After many attempts by Rayber to "civilize" Tarwater, and many attempts by Tarwater to figure out his true destiny (be it as a prophet, which was his great uncle's wish, or as an enlightened, educated modern man, which is his Uncle Rayber's wish), Rayber devises a plan to take Tarwater back to the country where the damage had been done in hopes that confronting his past will allow him to leave it. Under the guise of taking the two boys out to the country to a lodge to go fishing, Rayber finally confronts Tarwater and tells him that he must change and must leave the crazy, superstitious Christian upbringing that his great uncle corrupted him with. Tarwater, however, is not so easily convinced. While at the lodge, he meets up again with the "Voice" (the devil) who tells Tarwater to forsake his great uncle's command to baptize little Bishop and instead, drown the boy. One evening, Tarwater takes Bishop out on a boat to the middle of the lake, with Rayber's reluctant blessing. Rayber cannot see them on the lake but can still hear the voices faintly. Tarwater ends up drowning Bishop while at the same time baptizing the boy, thereby fulfilling both destinies simultaneously. Rayber realizes what has happened and faints, not out of fear for his son's life, but because he feels nothing at his son's death.
Tarwater runs away into the woods in order to go back to his great uncle's house to confront his demons once and for all. He eventually hitches a ride with another man, who entices Tarwater to get drunk. Tarwater takes the man's offer and passes out, eventually waking up naked against a tree, his clothes neatly folded beside him. He dresses hurriedly and sets fire to the area.

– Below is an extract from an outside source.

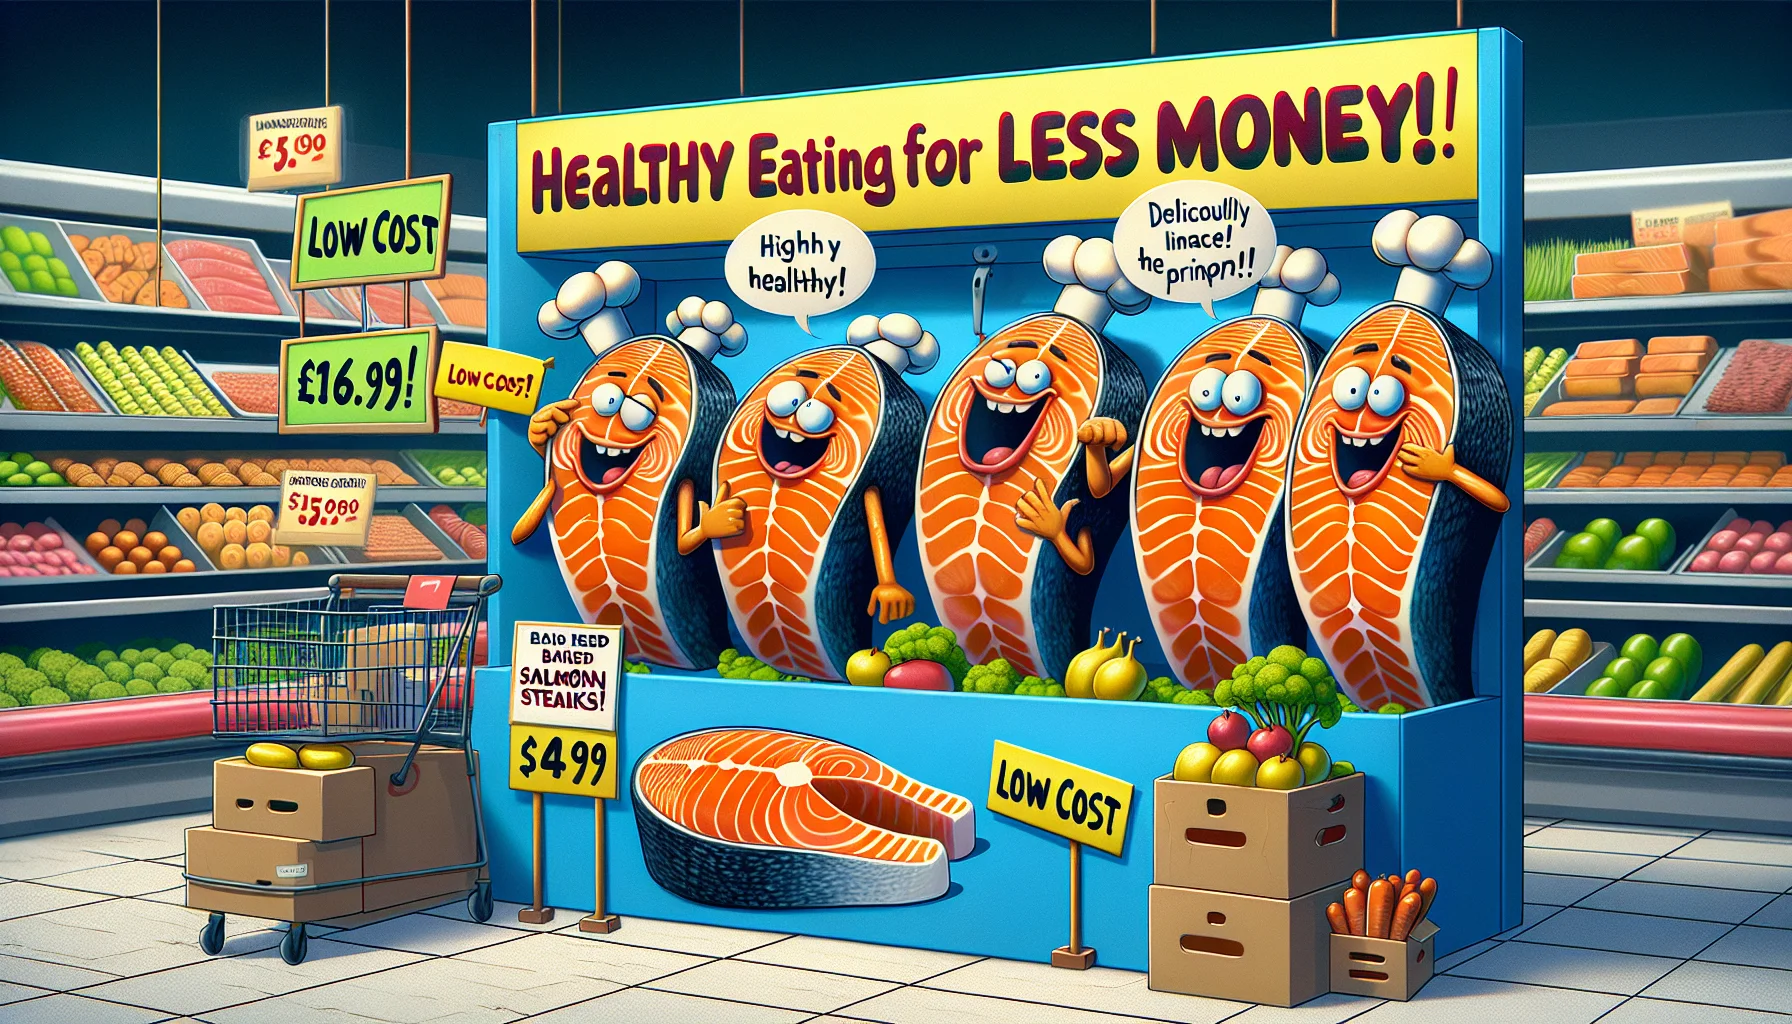 Imagine a humorous scene in a grocery store. A large colorful sign promoting 'Healthy Eating for Less Money' is visible overhead. Beneath it is a cartoonish stand with baked salmon steaks showcasing themselves humorously. They're striking goofy poses as if they're convincing customers about their benefits. Each salmon steak wears a tiny chef's hat and holds little banners saying, 'Low Cost!', 'High in Proteins!', and 'Deliciously Healthy!' The delightful smell of the cooked salmon wafts through the store, attracting customers. Final touch, a price tag showing an affordable price hanging off the corner of the stand.

Burning his way through the forest, Tarwater finally makes his way back to his great uncle's old farm, where the house has been burned to the ground. Tarwater had assumed that his great uncle had been burned up with it, but Buford, a black man who lived in the area, had actually rescued old Mason Tarwater's body from the house at the beginning of the novel when Tarwater had gone off to get drunk and given the old man a proper Christian burial, just as the old man had requested that Tarwater do. Tarwater realizes that his great uncle's two main requests (that he be given a proper burial and that the little boy Bishop be baptized) have been realized, which convinces Tarwater that he can no longer run away from his calling to be a prophet. The story ends with Tarwater heading toward the city to "Go warn the children of God of the terrible speed of mercy."